Like their procreator, Pakistan, the Taliban use terrorism as their main leverage. Pakistan’s investment in terrorism has been paying rich dividends to it and its proxies. The Taliban has forced the Americans to seek Pakistani support for a face-saving exit. The dividends are also apparent from the renewed US courtship of Pakistan.

The US, meanwhile, has increasing­ly turned its global war on terrorism into a geopolitic­al tool. The result is greater jihadism and terrorism. Last week, marking the anniversar­y of the 9/11 terror attacks, the US added more individual­s and groups to its terrorism lists, including Noor Wali, the new head of the Pakistani Taliban. This outfit is the nemesis of the Pakistan military but poses no threat to the Afghanista­n-based US forces, whose battlefiel­d foe is the Afghan Taliban. Yet conspicuou­sly missing from the US terrorism list is the Afghan Taliban or any ISI or other Pakistani military official. By contrast, the US has imposed terrorism sanctions on Iran’s Islamic Revolution­ary Guards Corps and individual­s with ties to it.
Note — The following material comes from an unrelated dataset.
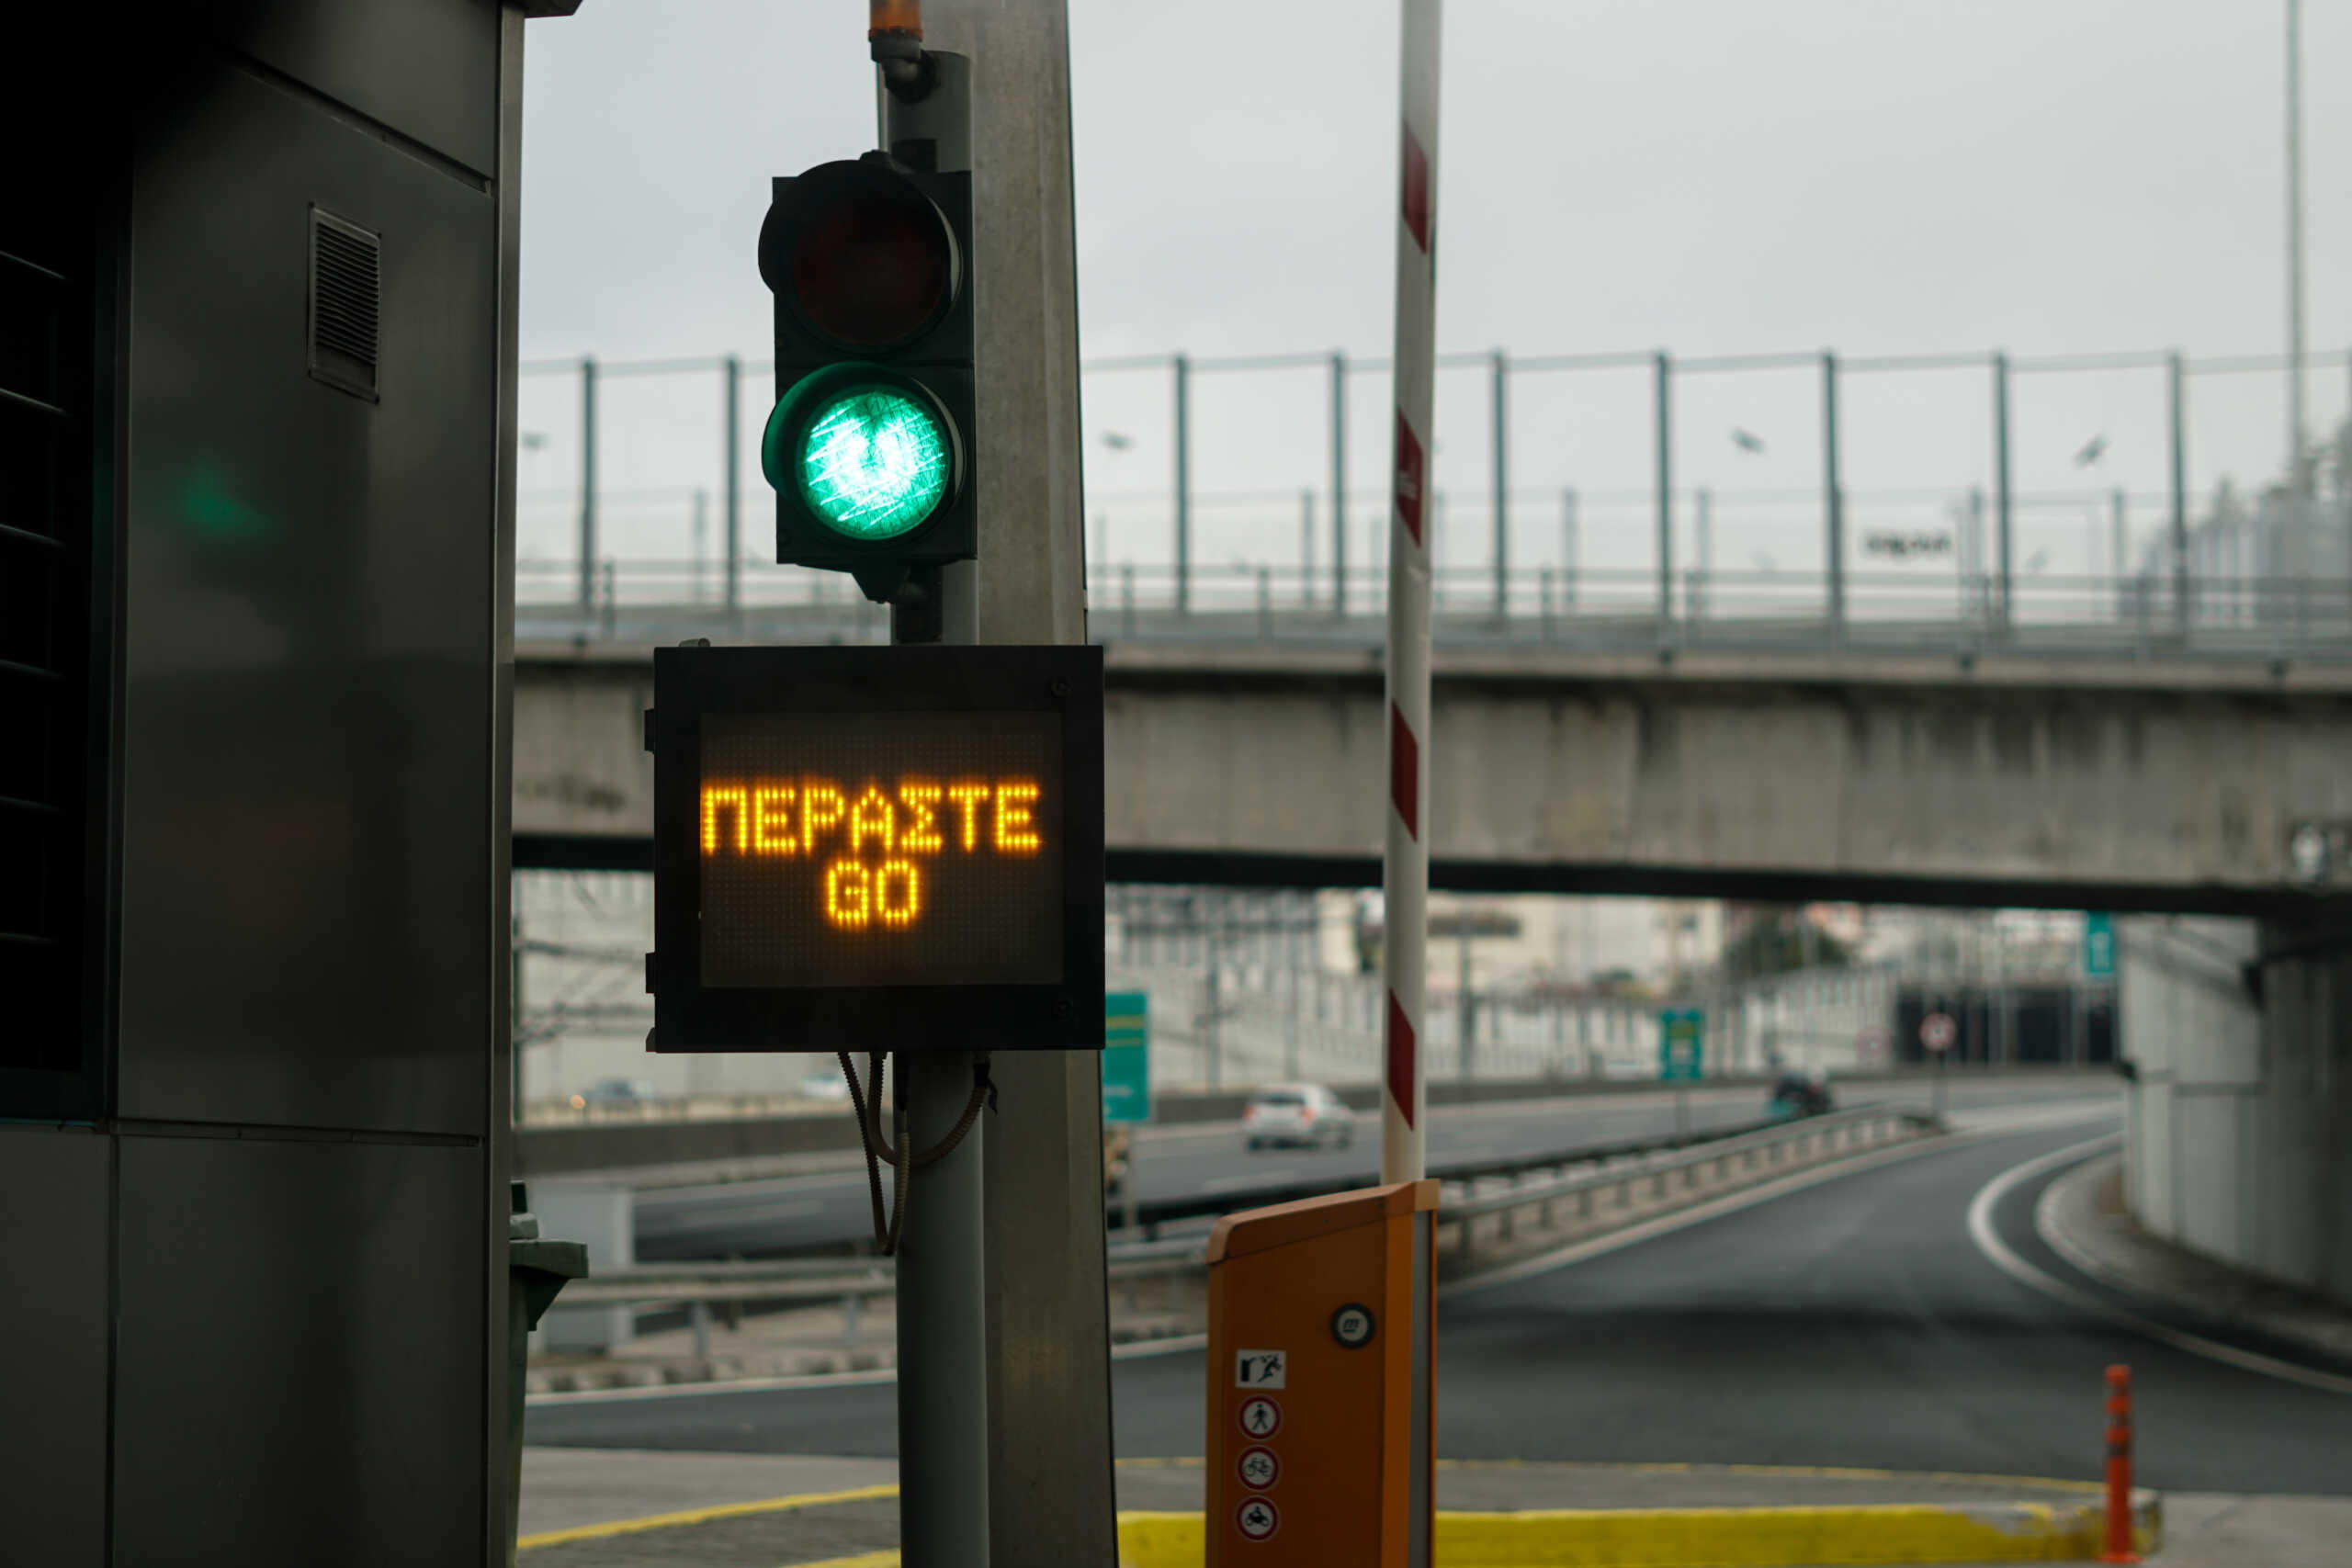 Αττική Οδός: Κλειστή η είσοδος από Μαρκόπουλο προς Αεροδρόμιο και Ελευσίνα το βράδυ της Δευτέρας

Three successive Pakistani Taliban chiefs have been assassinat­ed in US strikes, with each killing designed to win Pakistan’s cooperatio­n in Afghanista­n. But, despite all its talk of counterter­rorism cooperatio­n with India, the US will not kill any of the India-wanted, Pakistan-based terrorists, also on the US terrorism lists. The $10 million US bounty on Hafiz Saeed since 2012, for example, is all for show.

In Afghanista­n, a war-weary US is justifiabl­y seeking to cut its losses. Ending the longest war in US history is integral to rolling back America’s “imperial overstretc­h” — a Trump goal. But to prevent the Taliban from recapturin­g power in Kabul, the US will have to keep a residual force. It can draw down its forces without making concession­s to the Taliban and Pakistan. Its endless search for a Faustian bargain with the Taliban is engenderin­g growing bloodshed in Afghanista­n and imposing ever greater costs on Af-pak’s neighbours.

For too long, India has taken a cautious and reactive approach to regional security issues. If it is not to be weighed down by the Af-pak region, it must take a long-term view and become proactive. It should capitalise on the remarkable goodwill it enjoys in Afghanista­n, where it is the favourite of the patriots in their fight against Pakistan’s proxies. Without putting boots on the ground, India must play a much bigger role in Afghanista­n, including to safeguard the multibilli­on-dollar assistance it has provided that country, and to checkmate Pakistan.